Jupyter notebooks and MDATP

Jupyter Notebook, formerly called IPython, is an open-source web application that allows you to create and share documents that contain live code, data transformations, visualizations and narrative text through markdown. It is broadly used in infosec by threat hunters, and has support for lots of programming languages such as R, Python, etc. See my previous blog for an introduction to Jupyter in the context of Microsoft security.

John Lambert wrote python code late last year and published it in a sample notebook to hunt Microsoft Defender ATP data in Jupyter. John also wrote a very detailed tutorial.

The ELK stack

So, what is ELK? “ELK” is the acronym for three open source projects: Elasticsearch, Logstash, and Kibana. Elasticsearch is a search and analytics engine. Logstash is a server‑side data processing pipeline that ingests data from multiple sources simultaneously, transforms it, and then sends it to a “stash” like Elasticsearch. Kibana lets users visualize data with charts and graphs in Elasticsearch.
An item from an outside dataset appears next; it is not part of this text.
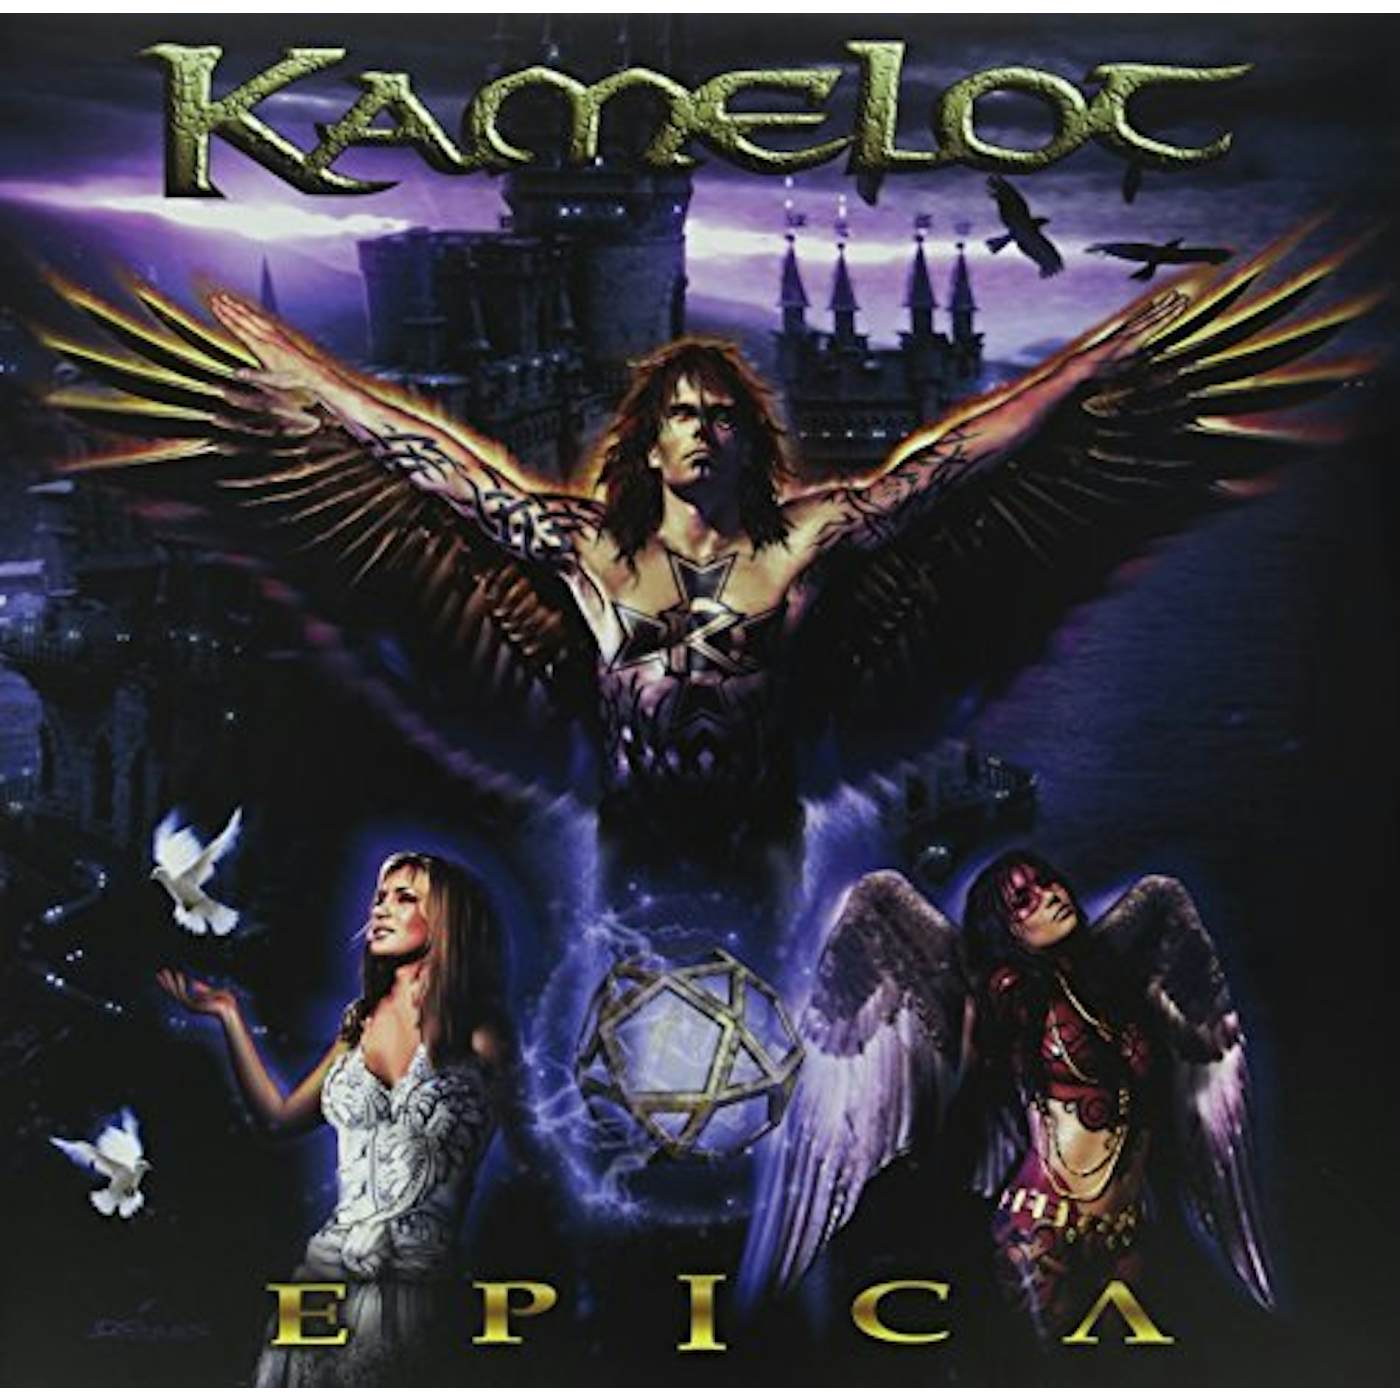 Kamelot Epica Vinyl Record

With a search engine at heart, many security professionals started using Elasticsearch for logs and events in recent years and found that ELK easily ingests and visualizes them. And because the base functionality is free (yes, there are premium paid features like machine learning) it grew quite quickly in popularity and usage.
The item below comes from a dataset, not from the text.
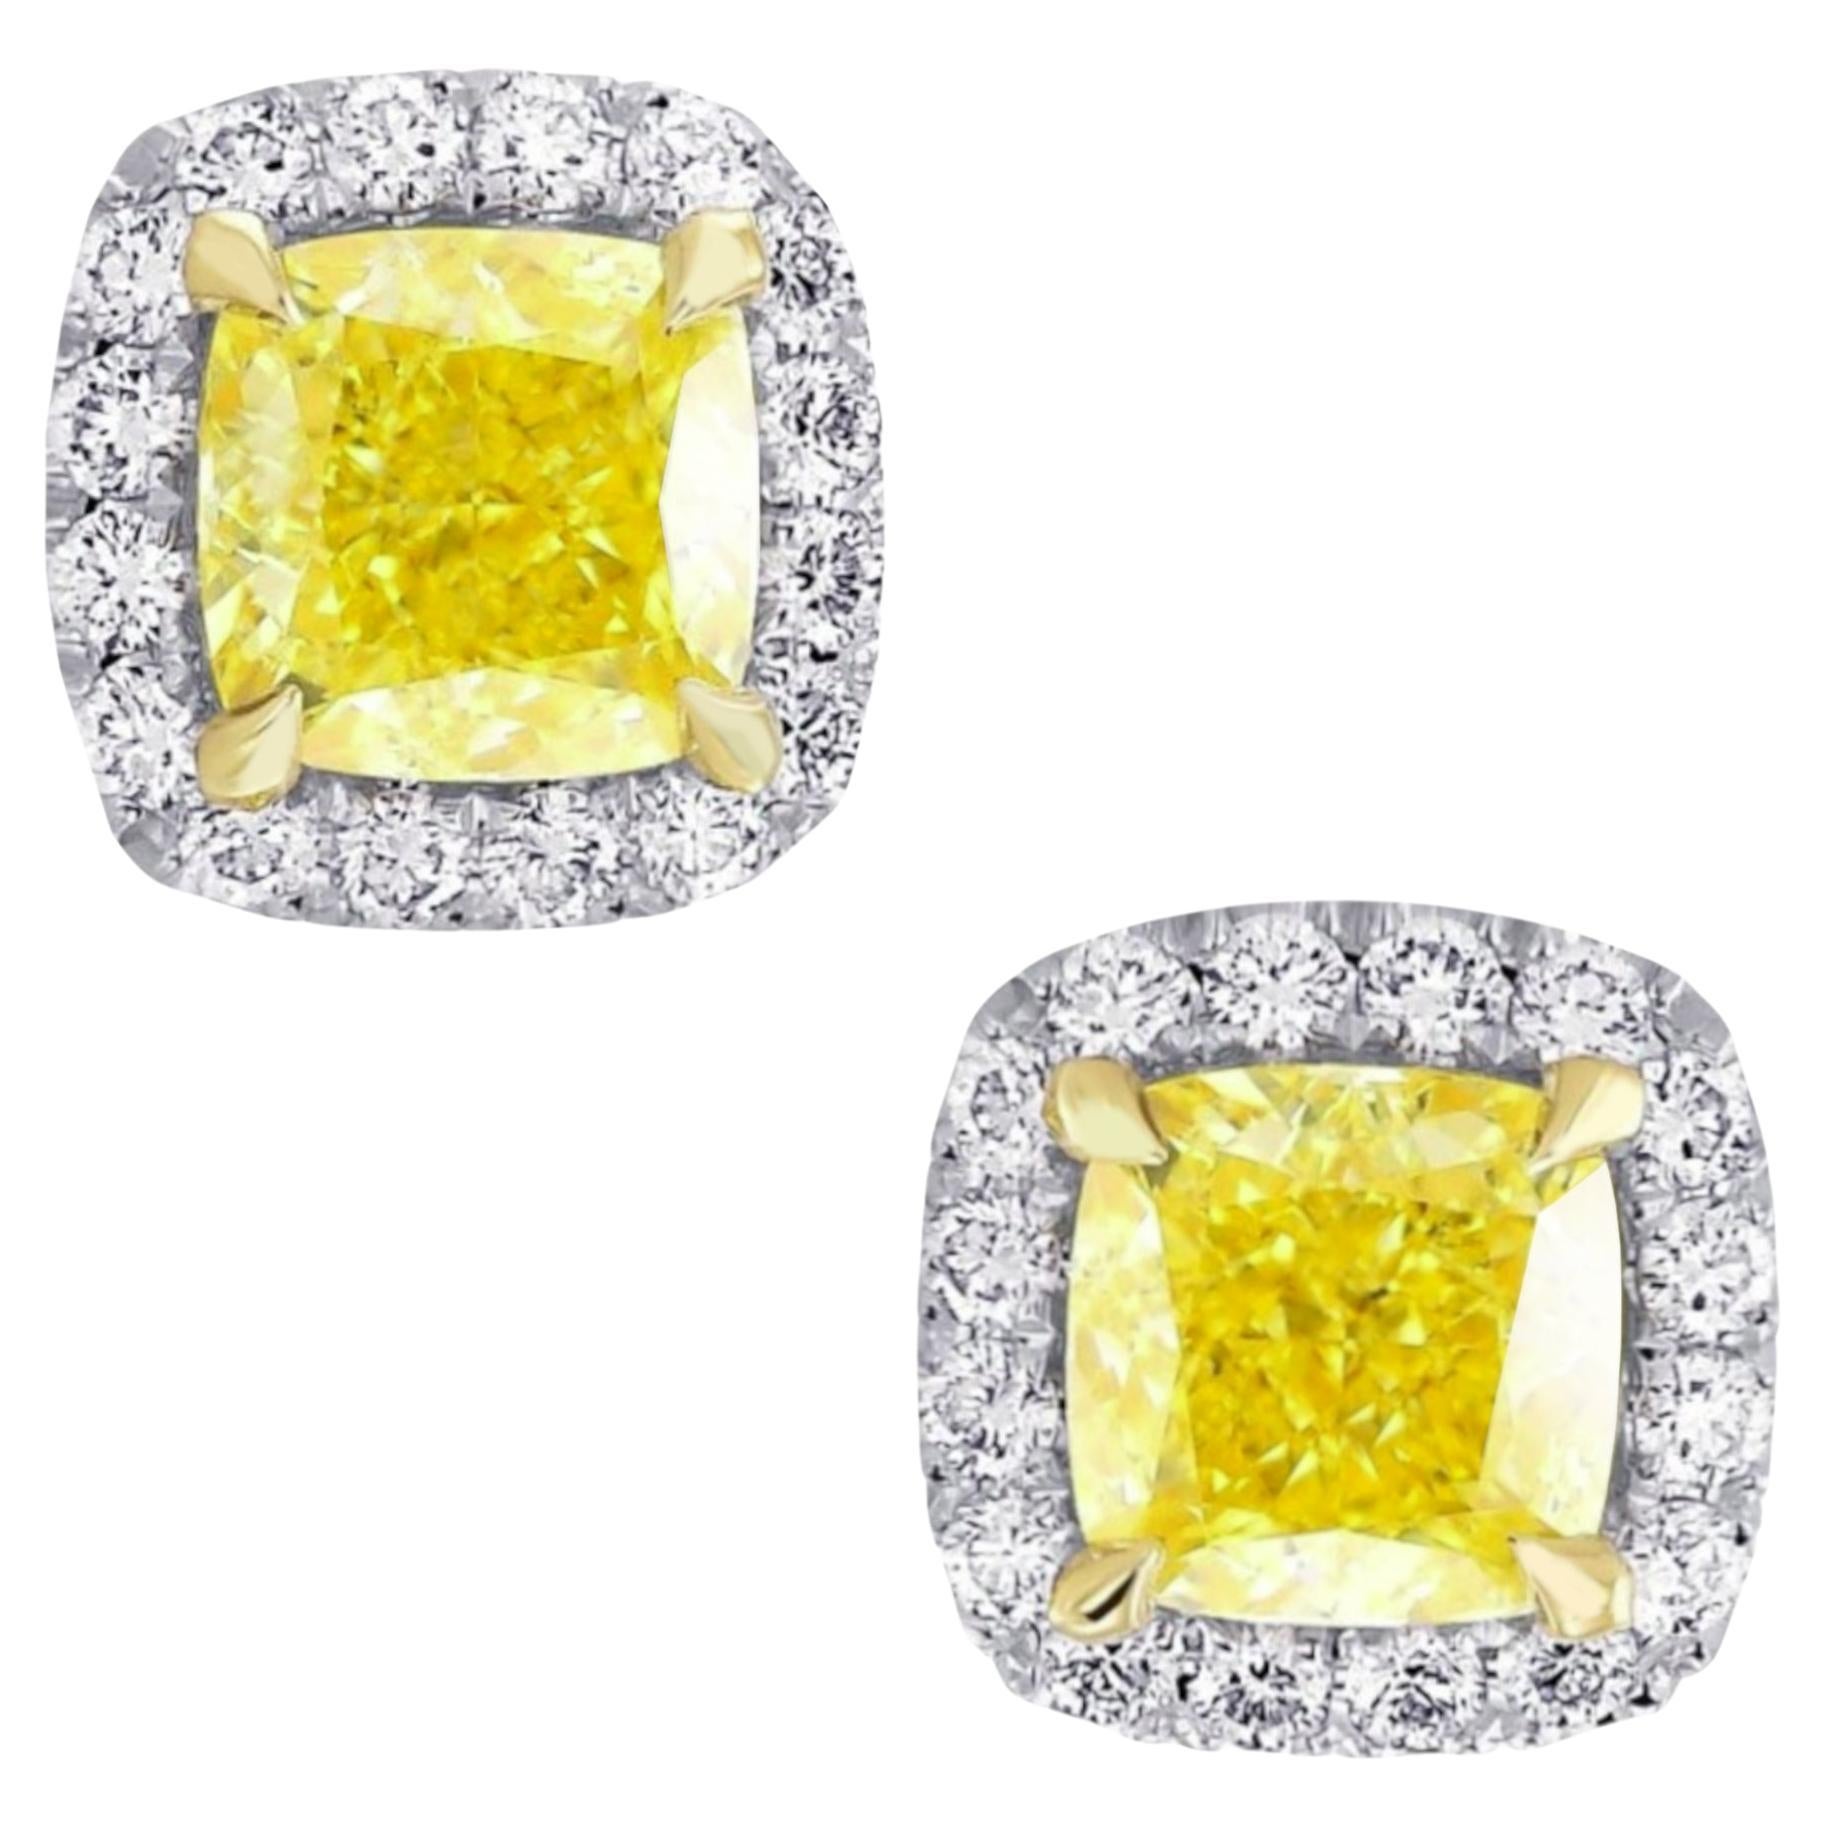 GIA Certified 2 Carat Fancy Yellow Cushion Diamond Gold Studs Earrings

And while most ELK deployments are used in blue teams (the defenders), it’s also growing in popularity for red teams (the attackers). Marc Smeets and Mark Bergman from Outflank developed RedELK, a portable ELK stack, that helps spot the blue teamers and centralize operational logs for red operations. Read more about it here.

MDATP Streaming API

The Microsoft Defender ATP team just announced the (preview) release of their streaming API. This API and functionality can stream continuously the same schema MDATP supports in Advanced Hunting to external storage.

On a high-level approach, you need to bring up either an Azure Event Hub or configure Azure Storage, then configure MDATP to stream the data to the storage or event hub and then consume it.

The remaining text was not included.